FIG. 4 is a diagram showing a configuration of a phased array antenna device according to Embodiment 4 of the present invention.

FIG. 5 is a diagram showing a configuration of a phased array antenna device according to Embodiment 5 of the present invention.

FIG. 6 is a diagram showing a configuration of a phased array antenna device according to a conventional antenna device.

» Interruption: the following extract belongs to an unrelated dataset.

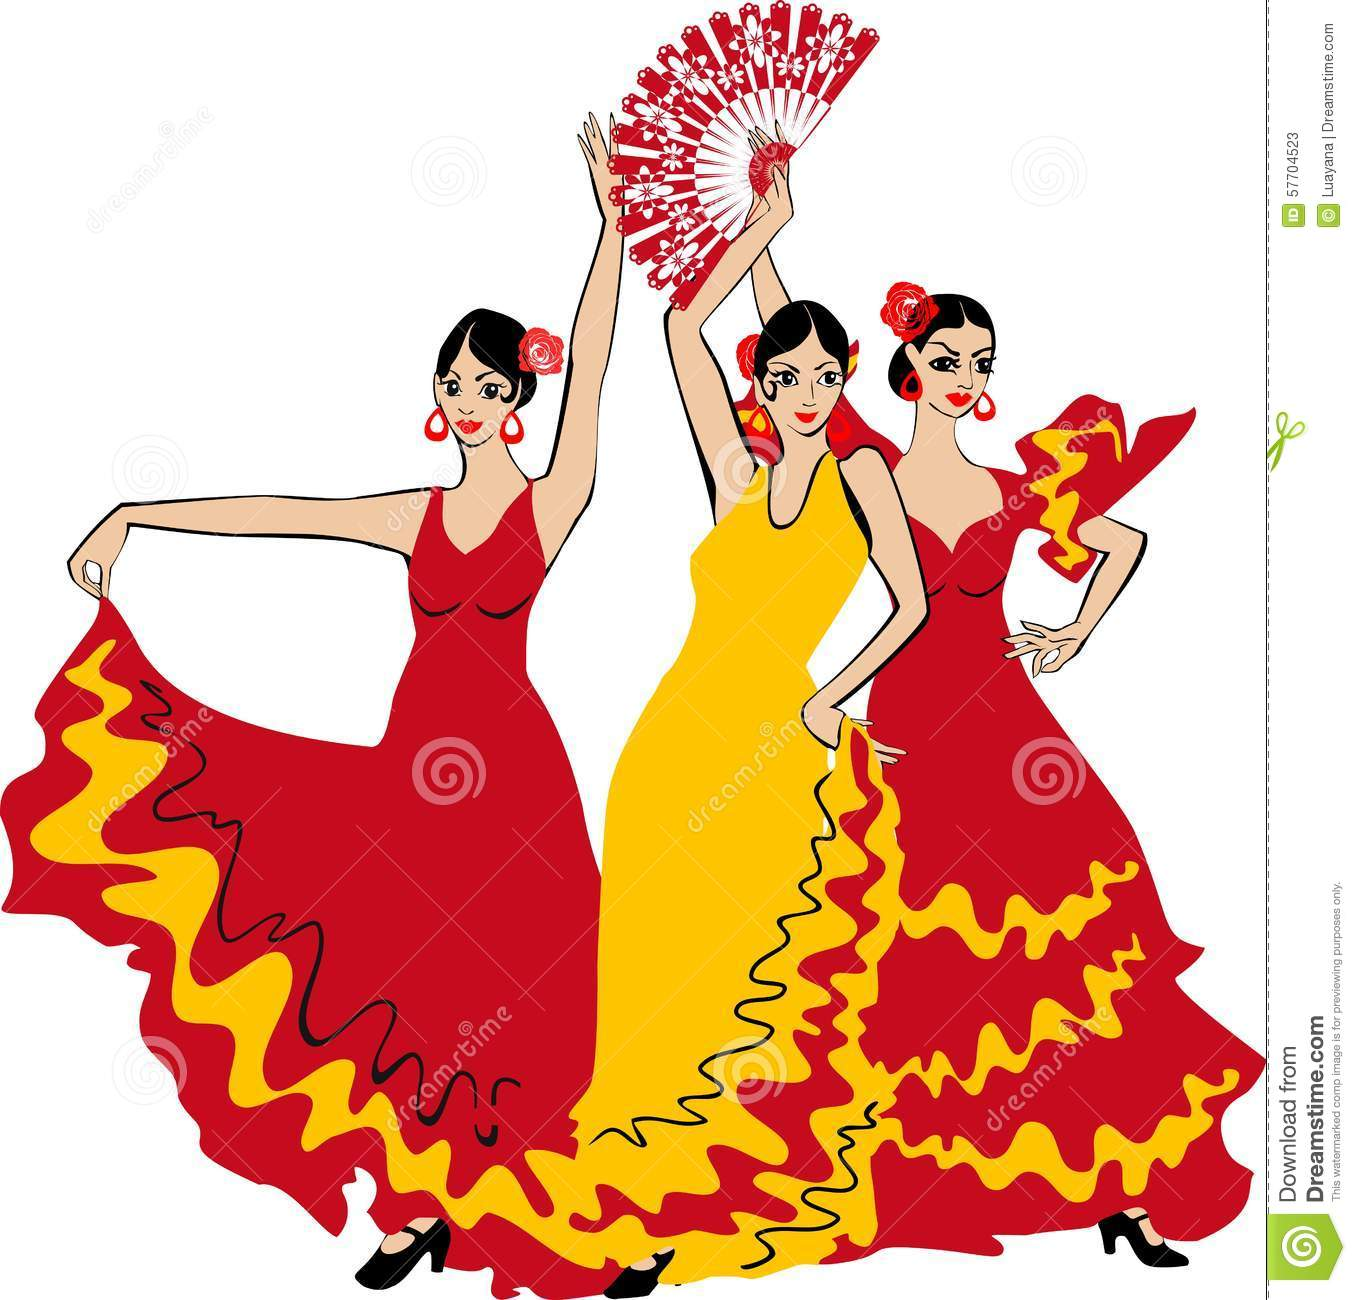 Spanish Flamenco Clipart.

FIG. 7 is a diagram showing a coordinate system of an antenna.

[Explanation of symbols]

1 element antenna, 2 modules, 3 power divider,
4 transmitter, 5 control circuit (a), 6 control circuit (b), 7
Phased array antenna, 8 multiplication circuit, 9 addition circuit, 10 memory, 11 wave number data memory, 12
Element position data memory, 13 Correction data memory, 14
Computer, 15 control circuits.

 ──────────────────────────────────────────────────続 き Continued on the front page F term (reference) 5J021 AA05 AA06 CA06 DB02 DB03 EA04 FA14 FA15 FA16 FA17 FA20 FA26 FA29 FA30 FA32 GA02 HA05 HA10

Claims (5)

[Claims] A transmitter for transmitting an RF signal; a power divider for receiving the RF signal from the transmitter and distributing the RF signal to a plurality of modules; and amplifying and phase-amplifying the RF signal distributed from the power divider. A plurality of modules for converting and outputting; a plurality of element antennas for radiating an RF signal output from the module to a space; and an arithmetic function for calculating an amplification amount and a phase amount of the RF signal. A control circuit for controlling the module based on the amount of amplification and the amount of phase, wherein the arithmetic function of the control circuit is divided into a plurality of functions. 2. The phased array antenna according to claim 1, wherein the control circuit divided into a plurality includes a multiplication circuit, an addition circuit, and a memory for storing data. apparatus. 3. The phased array antenna device according to claim 2, wherein the memory is a wave number data memory for storing wave number data of an RF signal, and an element position for storing position data for specifying a position of the element antenna. A phased array antenna device, comprising: a data memory; and a correction data memory storing correction values for calculating the amount of amplification and the amount of phase of the RF signal. 4. The phased array antenna device according to claim 2, wherein the plurality of modules comprises a group of N modules,
A phased array antenna device wherein the adder circuit is divided into N adder circuits, and the N module groups are controlled by the N adder circuits. 5. The phased array antenna device according to claim 4, wherein the multiplication circuit is divided into M multiplication circuits, and the N module groups are controlled by the N addition circuits. A phased array antenna device, wherein the number of adding circuits is controlled by the M number of multiplying circuits.